— Теперь понял, — усмехнулся Меркулов. — Первые — приверженцы традиционных ценностей — свою приверженность им демонстрируют в рамках понятия «свобода», вторые — в рамках общества, исповедующего принуждение!
— И ты меня, Костя, хоть убей, но признать нас свободным обществом я отказываюсь: у нас не просто принуждение, но еще и принуждение самого примитивного, низкого уровня… который и оборачивается всплесками вседозволенности!
— Какой ты умный, Турецкий! — иронично ухмыльнулся Меркулов. — А главное — если бы не упомянутая тобой вседозволенность, вряд ли бы тебе удалось полчаса разливаться соловьем на данную тему в кабинете шефа, да еще являясь первым помощником генерального прокурора нашей, как ты утверждаешь, несвободной страны… Вот только при чем тут наши с тобой конкретные дела по той же Мокрушиной, скинам и прочим таможенникам-взяточникам, то бишь коррупционерам, понять лично мне не дано! А поскольку я твой начальник, а не наоборот, смириться с этим придется как раз тебе. В принудительном порядке!..
Александр Борисович не сумел сдержать улыбку и поглядел на своего шефа почти с нежностью:
— Все-то ты понимаешь, Костя, за то и люблю… А что за сплетни насчет генерального бродят по конторе?..
— Сплетни — они и есть сплетни, — ушел, насупившись, от ответа Меркулов. — Жизнь, как говорится, и покажет, и накажет… Саня, насчет дела Мокрушиной с ее генералом я все понял, свою невольную вину готов признать, а все твои действия одобряю заранее… Времени совсем нет, пожалей старика!
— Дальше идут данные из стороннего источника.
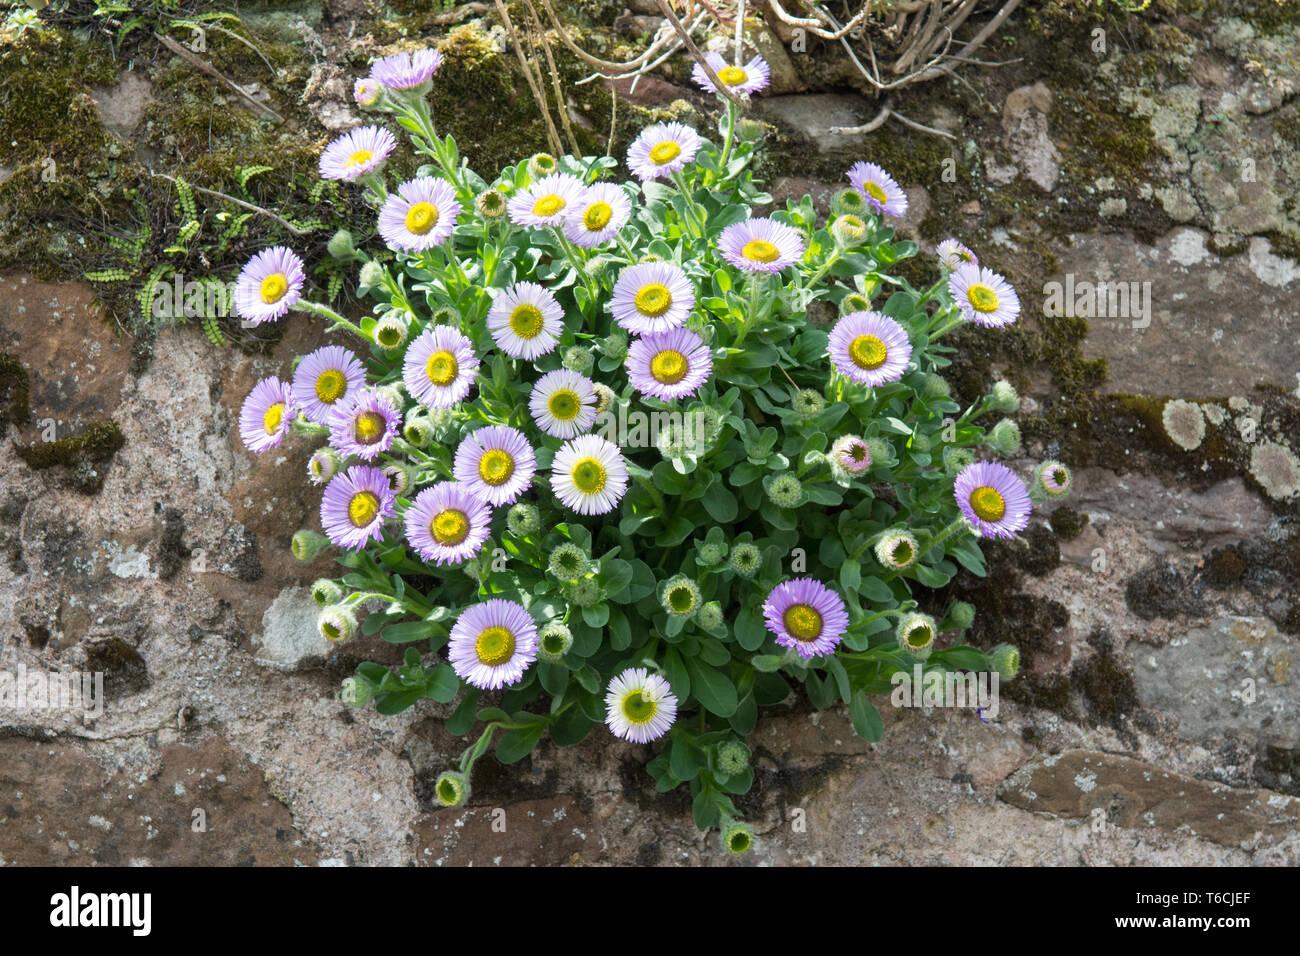 Erigeron Glaucus o seaside fleabane daisy o planta que crecen en una pared - UK Foto de stock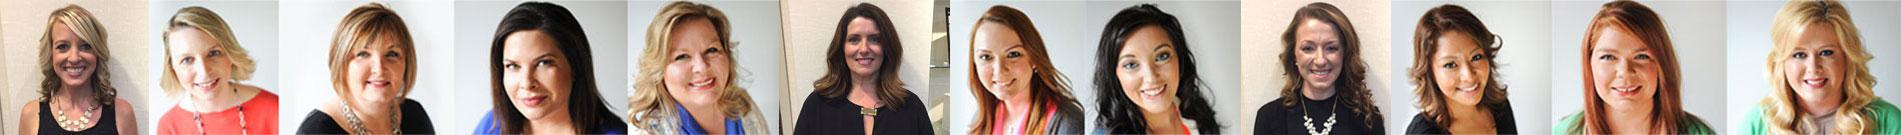 Knoxville Dermatologist Staff Photo

— Смотри-ка ты, взмолился… Ладно, Костя, у меня еще одна мелочь к тебе: я все это время хотел бы уходить из конторы пораньше…
— Что, неважные у Иринки дела? — Меркулов сочувственно поглядел на друга. — Конечно, какие проблемы…
— Для Ирины сейчас, по словам врачей, главное — спокойствие. А она, наоборот, стала нервная и даже суеверная… Представляешь, сегодня утром я брился у нее в палате, поскольку служебный туалет был заперт, а общий у них на этаже исключительно женский…
— Как же ты… — начал было Константин Дмитриевич и, не закончив, фыркнул.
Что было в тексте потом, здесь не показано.